I would describe myself as… handsome, sexy, 5ft 10 and a half, 12-and-a-half stone. Dark hair. Inventor. Metaphysician. Musician. Innovator. Gorgeous. Intelligent. Fabulous father. Loving, compassionate, kind. Generous. Modest. Humble. Magnetic personality. Generally wonderful. What kind of bloody question is that to ask someone?
Music changed me… by being the most natural thing, for me. I felt I understood it even before I learned to speak, read and write. I didn’t like school at all. I didn’t like being told what to do. Music and painting seemed the most natural ways of self-expression. Music opened up
a new world of possibilities for me.
When I’m not making music… I do psychic and spiritual research – intense study and practise of Tantra and Buddhist meditations and techniques. Yoga, metaphysics and all creative and imaginative pursuits.
My biggest vice… I would love to be able to drink more but I can’t. Good booze stimulates creativity and abstract thought. But this can be done by certain meditations, so we don’t need these stimulants any more. I do, however, like a pint and to watch the Arsenal with my sons and friends.

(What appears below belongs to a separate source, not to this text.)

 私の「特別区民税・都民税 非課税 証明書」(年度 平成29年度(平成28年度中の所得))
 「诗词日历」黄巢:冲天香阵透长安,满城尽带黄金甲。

The last time I was embarrassed was… often. It can be a good thing. Stops you being up your own arse. It shows a certain sensitivity. The ego often needs a good nudge and a shake-down to keep it in check.

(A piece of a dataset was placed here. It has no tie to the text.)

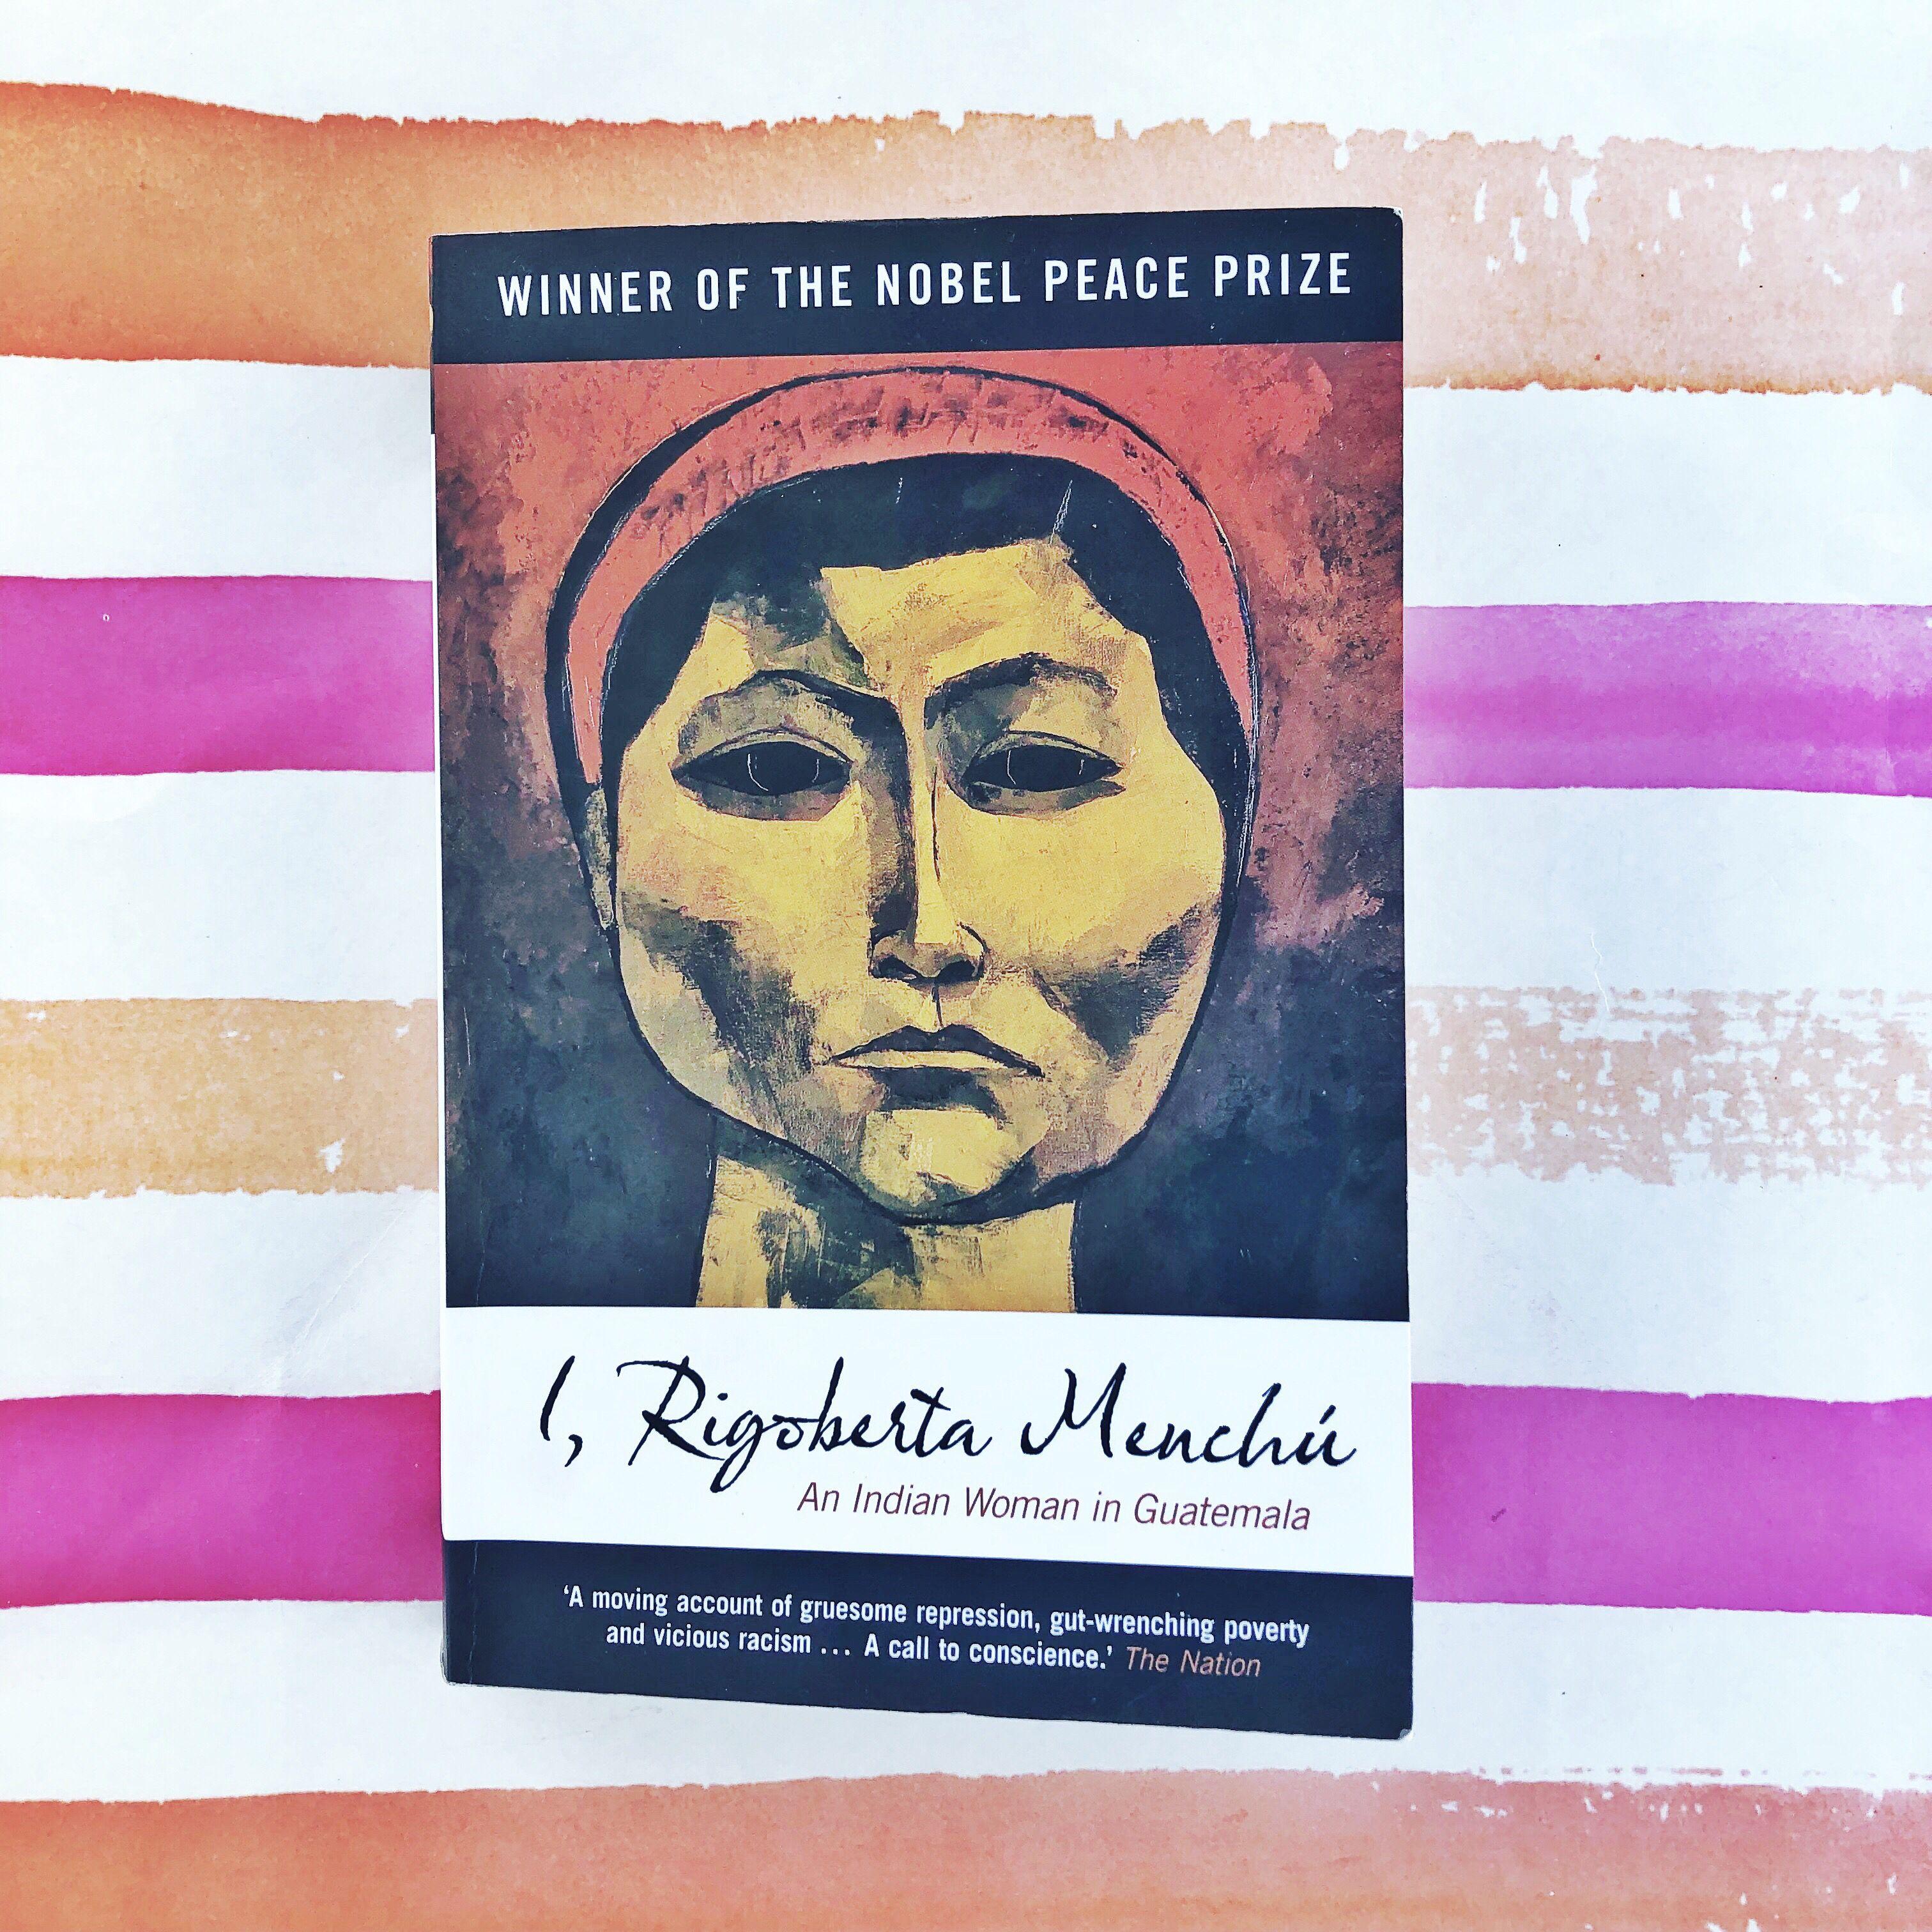 Rigoberta Menchu I An Indian Woman in Guatemala

“I have never felt that this planet was my home world.”
My formal qualifications are… none!
The last time I cried… was yesterday. I cry easily and find it helps me emotionally and physically. It helps relieve/release emotional and mental blockages and frees up my mind and feelings to analyse and accept the ‘stuff’ in my heart and mind as they rise to the surface. We need to understand how the heart and mind really work.
Vinyl, CD or MP3… CD mainly, but it’s very relaxing to sit and listen to vinyl – it’s an interactive thing.

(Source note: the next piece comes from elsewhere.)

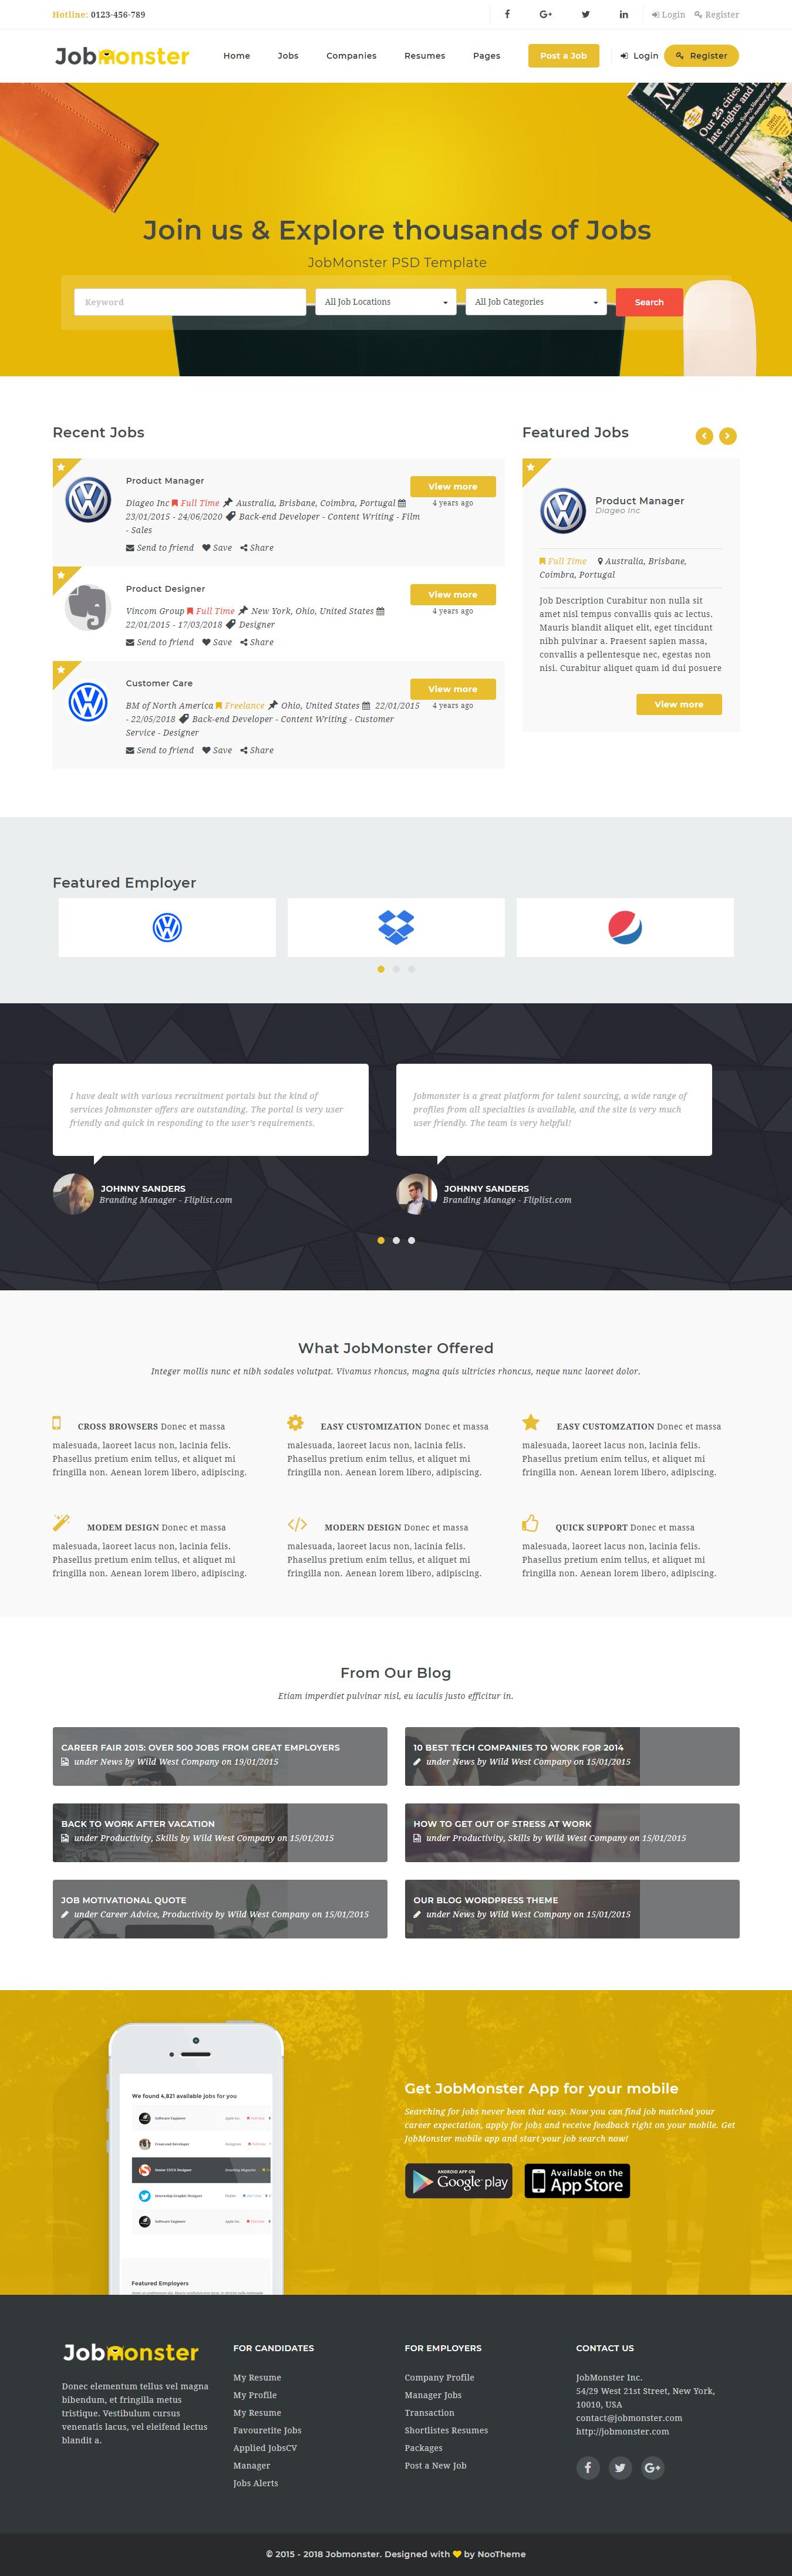 jobmonster best premium job board wordpress theme - 10+ Best Premium Job Board WordPress Themes

My most treasured possession… is one of my few guitars.
The best book I’ve read… too many to mention. The Book Of Thoth – Aleister Crowley. Raja Yoga by Swami Vivekananda. I don’t read novels!
Is the glass half-empty or half-full… Why should it be either? I consider myself an optimistic realist. Pessimism is only useful in showing us a counterbalance. To caution against blind optimism. But blind optimism might be the only way forward.
My biggest regret is… not pursuing my emotional goals in adolescence. I fell in love when I was 14 years old and it changed my life. Our parents said we were too young to be ‘really’ in love, and kept us apart, and broke both of our hearts. She had my baby and I didn’t get to see my daughter until she was thirtysomething. You can never repair a broken heart – you only learn to live with it, and be ever watchful of how easily people are hurt. People that don’t know me often say I look as if I’m in another world. I have never felt that this planet was my home world.
When we die… I believe we reincarnate after a period of consideration and atonement for past deeds that helps us as ever-evolving souls to choose and appreciate future life. We keep going round until we ‘get it’. And then we go on – to other planets or other planes of existence, who knows?
I’d like to be remembered as… someone staring out of the window in class, who never did what he was told.